Shenzhen Key Laboratory of Molecular Epidemiology (Y.X., J.X., J.C., Y.Z., YK.), Shenzhen Center for Disease Control and Prevention, Guangdong, China.
Key Laboratory of Modern Toxicology of Shenzhen (H.H., X.Y.), Shenzhen Center for Disease Control and Prevention, Guangdong, China.
Circulation. 2019 May 7;139(19):2260-2277. doi: 10.1161/CIRCULATIONAHA.118.036336.
Elevated levels of S-adenosylhomocysteine (SAH), the precursor of homocysteine, are positively associated with the risk of cardiovascular disease and with the development and progression of atherosclerosis. However, the role of SAH in endothelial dysfunction is unclear.

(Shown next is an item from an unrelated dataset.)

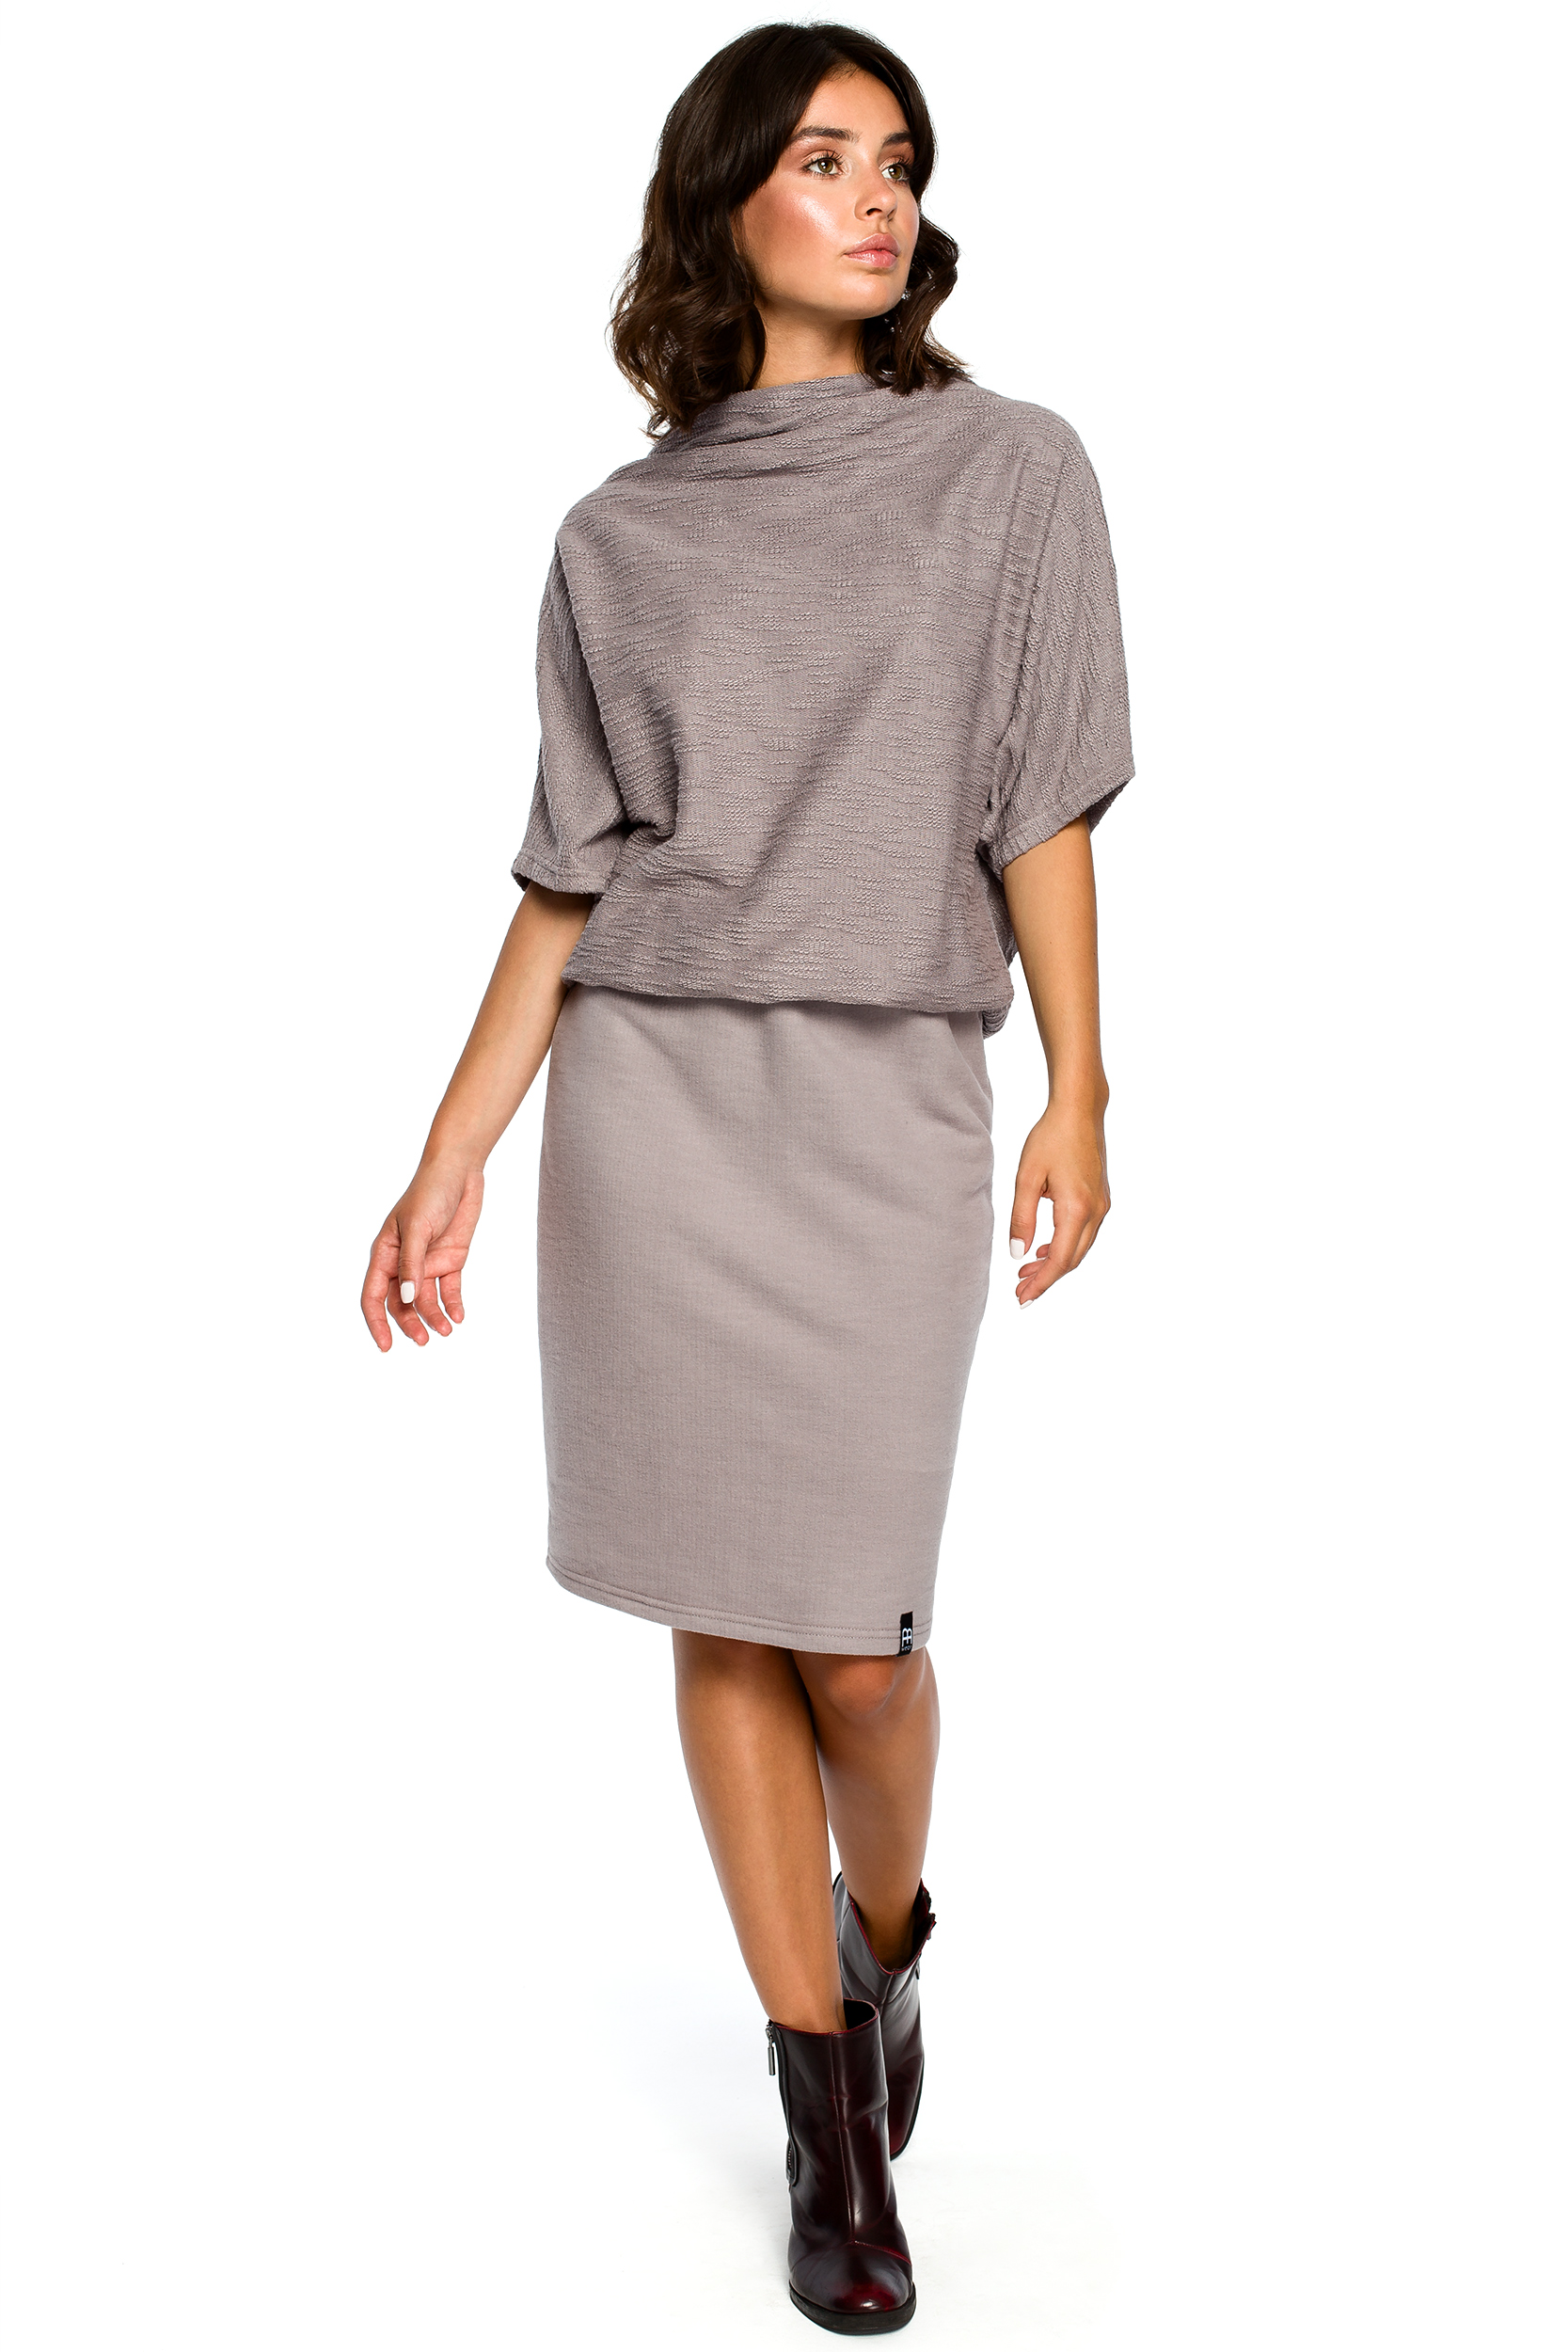 B097 Blouson top and stretchy pencil skirt dress – BeWear

Apolipoprotein E-deficient ( apoE) mice received dietary supplementation with the SAH hydrolase (SAHH) inhibitor adenosine dialdehyde or were intravenously injected with a retrovirus expressing SAHH shRNA. These 2 approaches, along with the heterozygous SAHH gene knockout ( SAHH) mouse model, were used to elevate plasma SAH levels and to examine the role of SAH in aortic endothelial dysfunction. The relationship between plasma SAH levels and endothelial dysfunction was also investigated in human patients with coronary artery disease and healthy control subjects.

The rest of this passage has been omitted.